Interestingly, our estimation of tissue energy increases from June to February is much lower than the ~50 kJ recorded for longline-cultured 1-year-old oysters in Gamak Bay on the southern coast of Korea during the same period [67,68]. Such a site-dependent difference in tissue growth (1.74 g vs. 2.78 g in final DW in February) of longline oyster populations is correlated with annual primary productivity of phytoplankton in the Geoje–Hansan (9,450 t C) and Gamak (37,000 t C) Bays [29]. In addition, 20–30 kJ of tissue energy, similar to that of 1-year-old longline oysters, was achieved in the 2-year-old oysters of French intertidal beds. Consequently, our results suggest that the long-standing strategy of using submerged longline cultures and exploiting high performance of 1-year-old oysters during a short period (from summer to winter) might be acceptable as a profitable way to sustain high production in the temperate Geoje–Hansan Bay.

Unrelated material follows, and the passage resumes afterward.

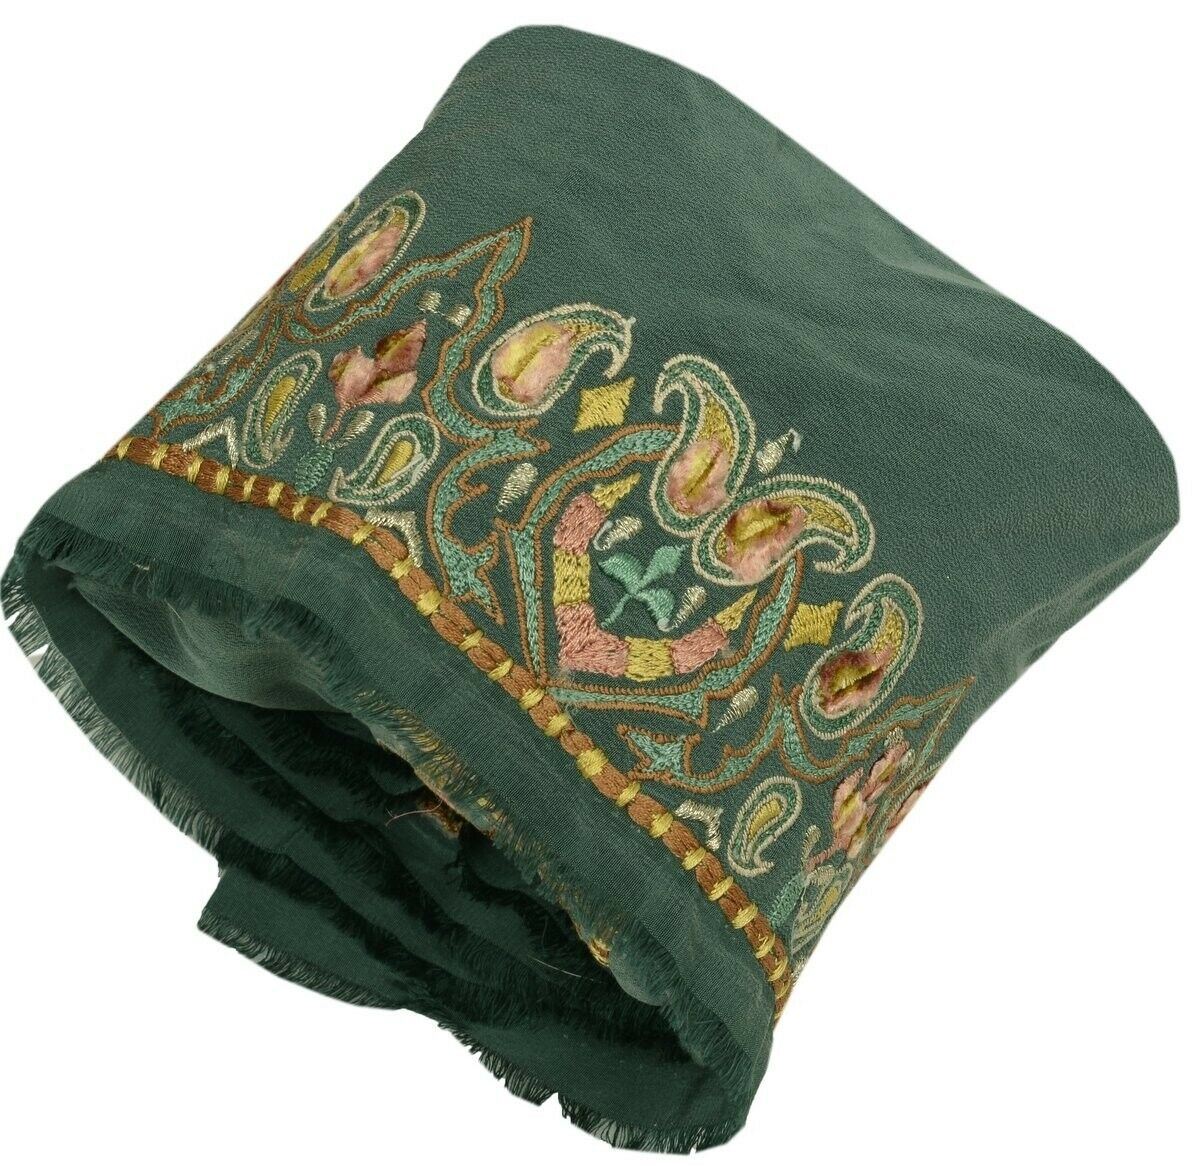 Vintage Sari Border Indian Craft Trim Embroidered Ribbon Lace Grayish Green

Possible role as an ecosystem engineer in the bay

Cultured oysters can influence biogeochemical composition in both water and sediment of the system due to food processing and waste production [69]. Our results supported an additional attempt to quantify the feedback effects of the oyster culture on ambient coastal habitats in the context of environmentally sound and sustainable development of longline oyster cultures. The cultured oysters (C. gigas) exploit naturally occurring phytoplankton and thus influence phytoplankton communities [19,20], especially with selective feeding on diatoms [70]. Their active suspension feeding often results in the depletion of available food in the ambient water and thereby reductions in the growth rates of oyster themselves by limiting access to resources in the longline aquaculture systems [5,71]. Of a total bay area of 5.9 × 107 m2, the oyster-culturing area accounts for 6.6 × 106 m2, in which the oyster density deployed was a mean of 14.6 individuals m‒2 during the second experimental period (Table 3). During that time, 6.73 × 103 t of wet oyster flesh were harvested within the whole bay. We tried to characterize the material processing performed by the cultured oysters (Table 3) [72] based on monthly physiological measurements during the entire culturing period.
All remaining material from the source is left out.